[Exercise details]: In the entries below, repeat only the lines between those holding "Türkiye's Foreign Minister" and "Навесной шкаф с", inclusive. Leave pictures out.

═════ Stored data ═════

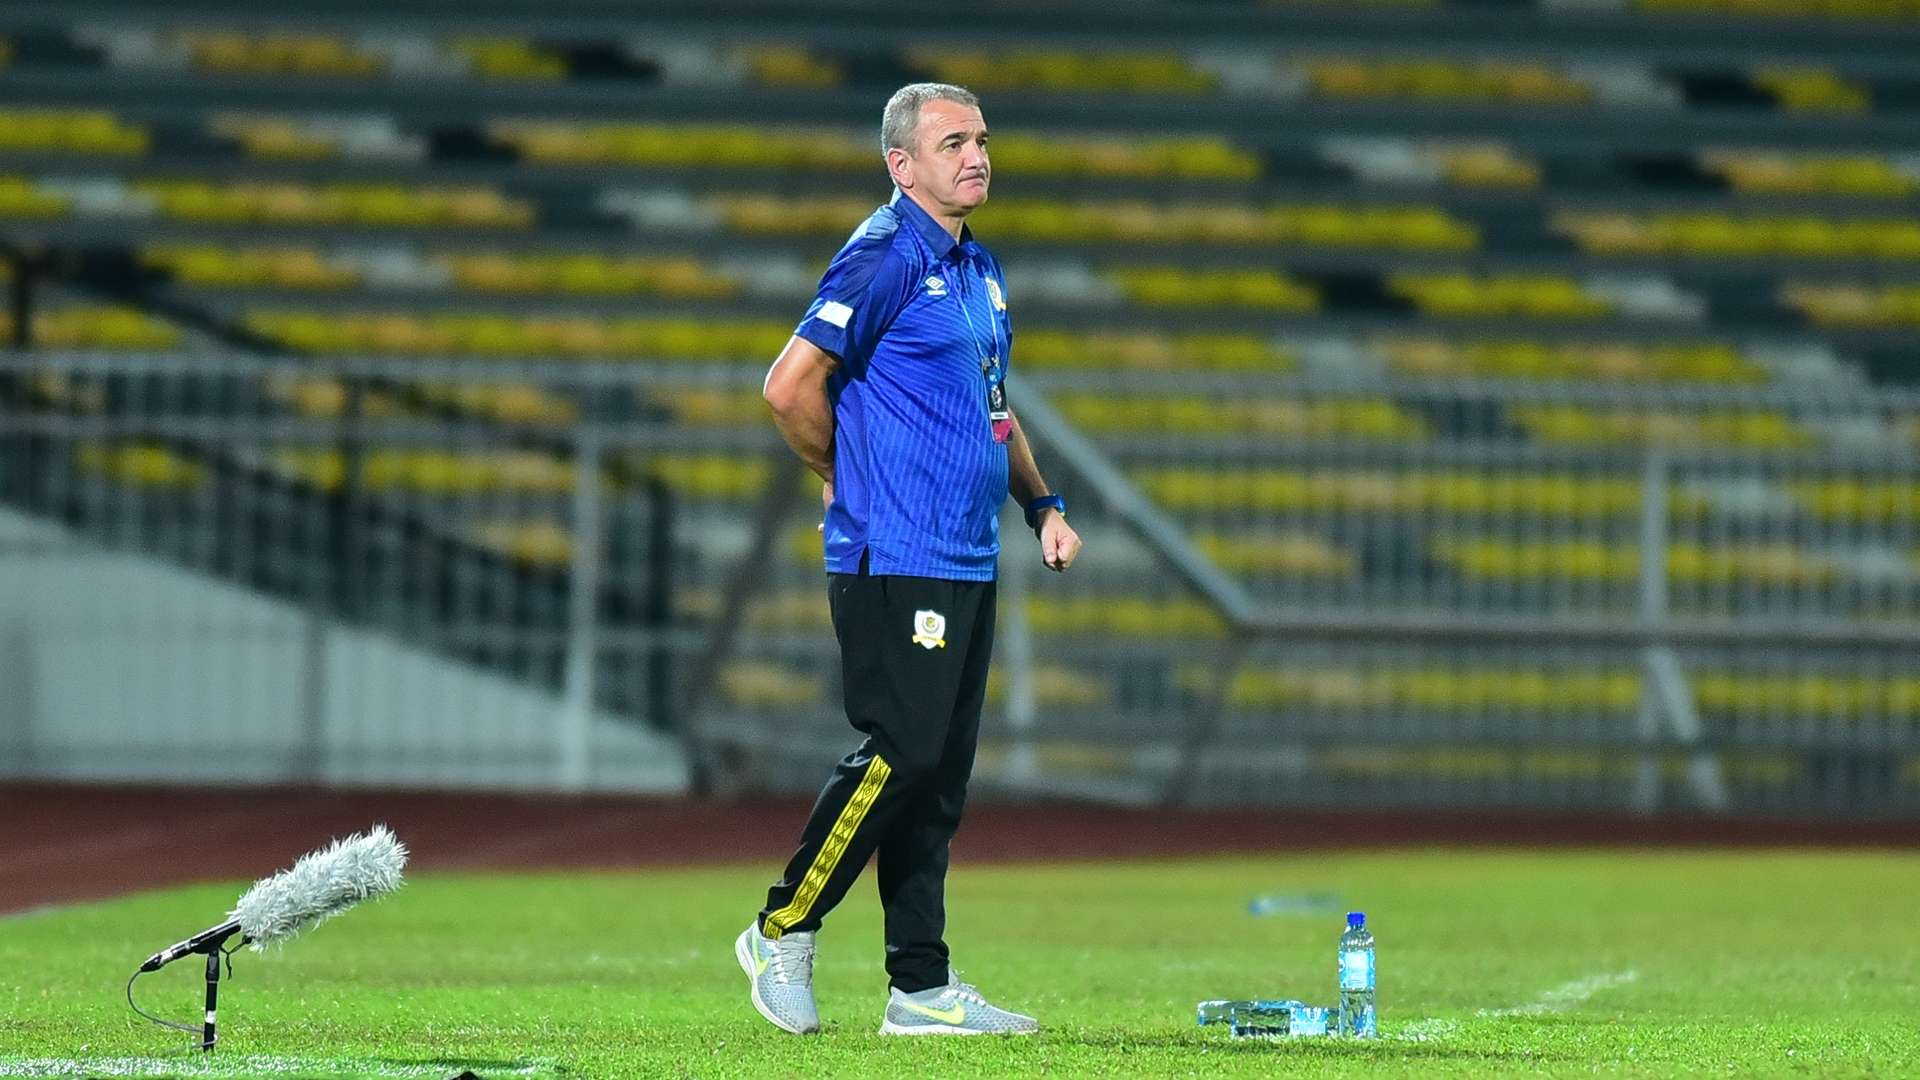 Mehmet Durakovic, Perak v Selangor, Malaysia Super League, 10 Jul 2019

═════
═════ Stored data ═════

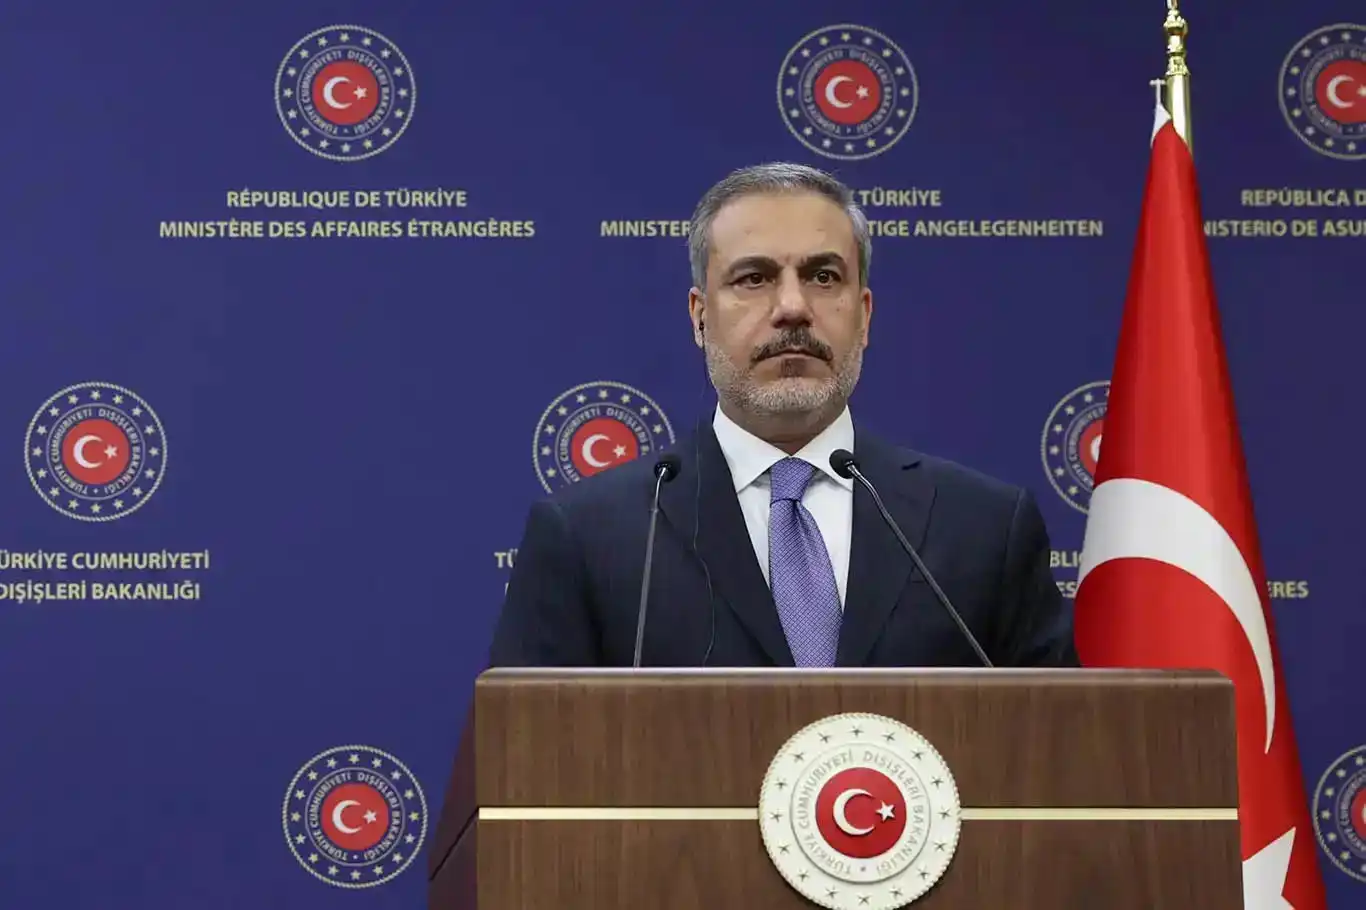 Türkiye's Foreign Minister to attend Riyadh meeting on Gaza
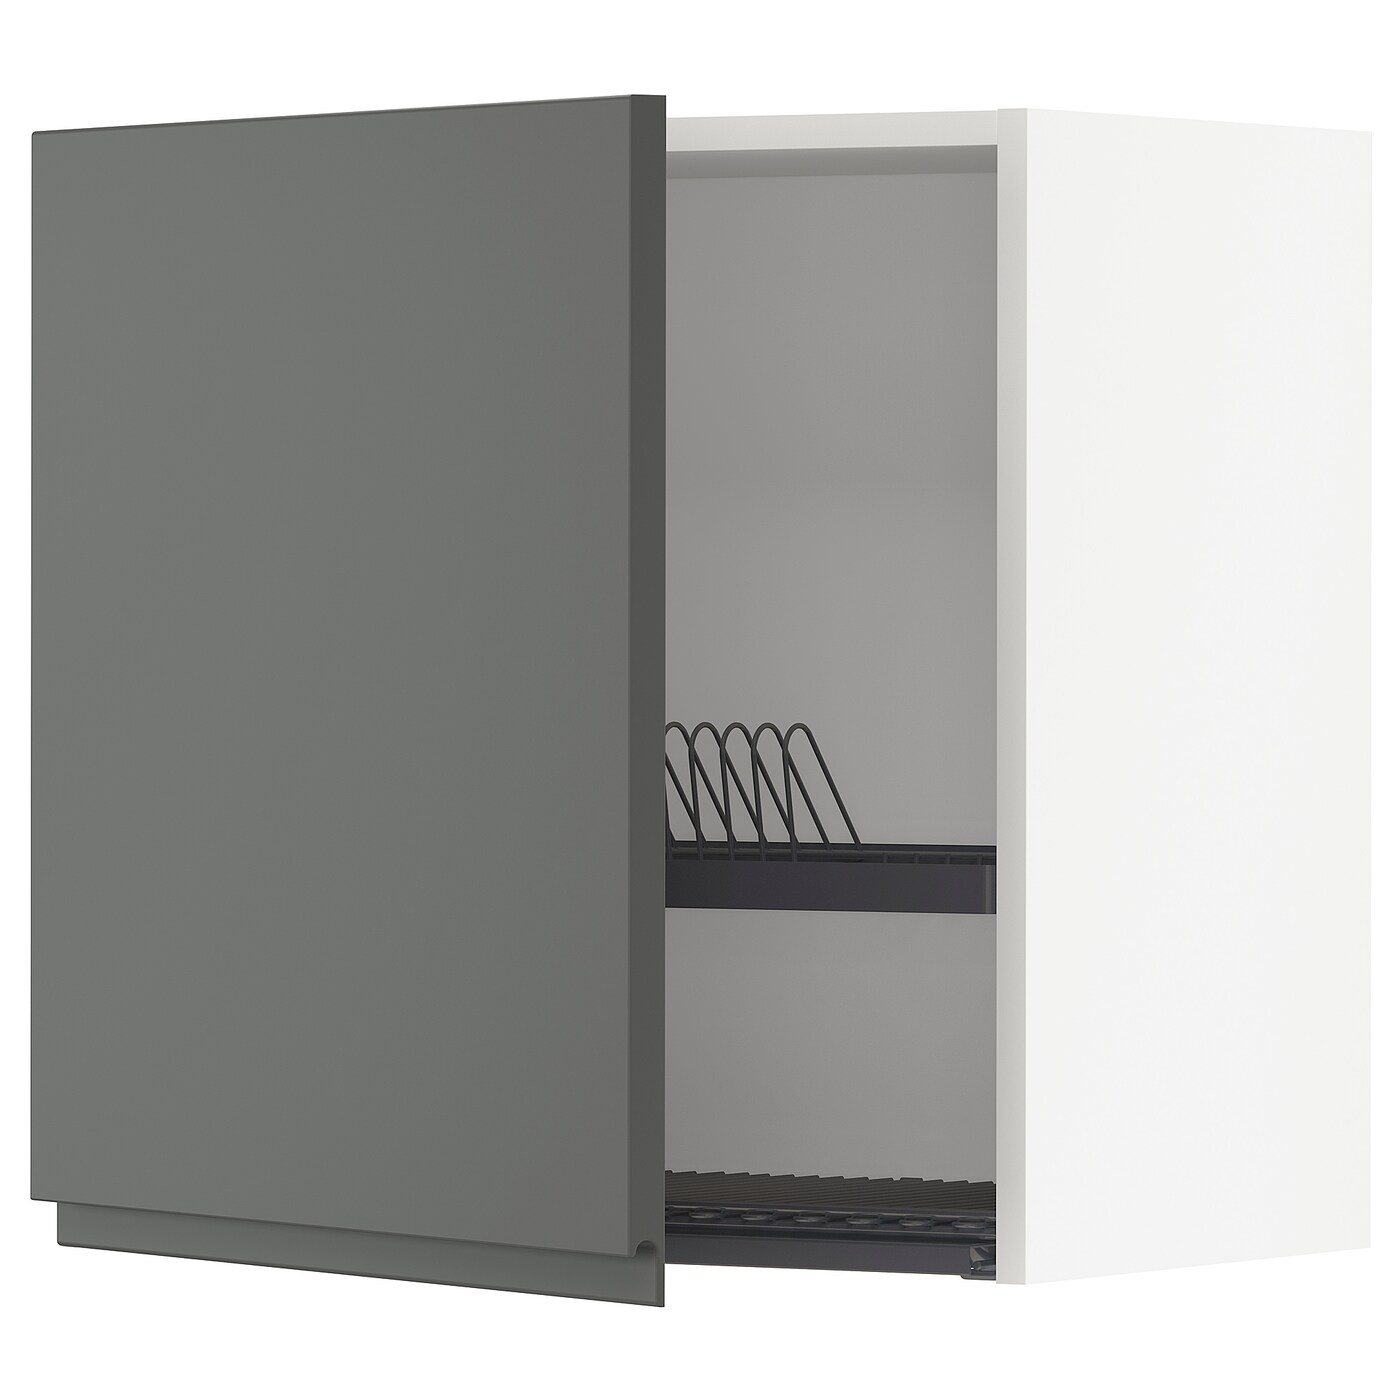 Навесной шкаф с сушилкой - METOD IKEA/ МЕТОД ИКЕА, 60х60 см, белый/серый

═════
═════ Stored data ═════

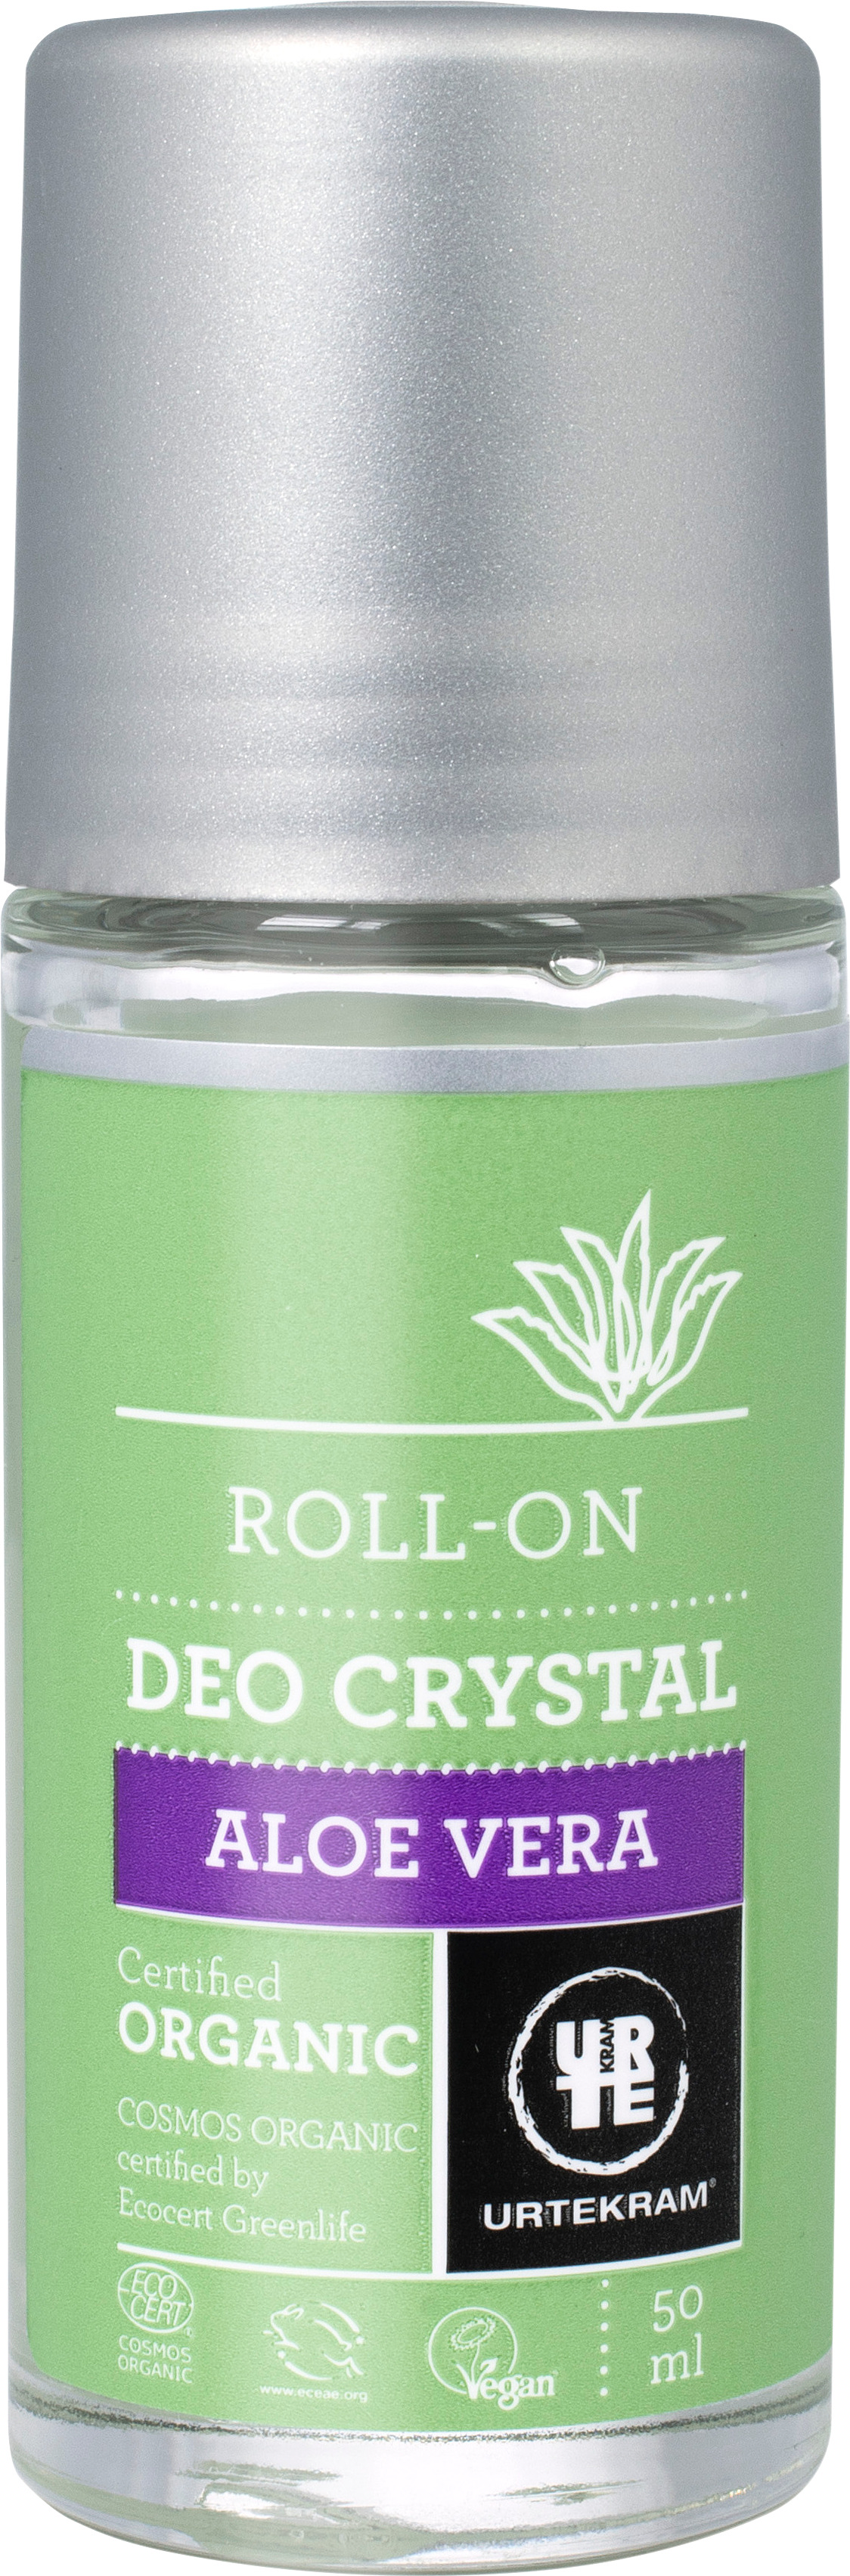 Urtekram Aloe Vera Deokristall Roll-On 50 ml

═════

[Solved problem]:
 Türkiye's Foreign Minister to attend Riyadh meeting on Gaza
 Навесной шкаф с сушилкой - METOD IKEA/ МЕТОД ИКЕА, 60х60 см, белый/серый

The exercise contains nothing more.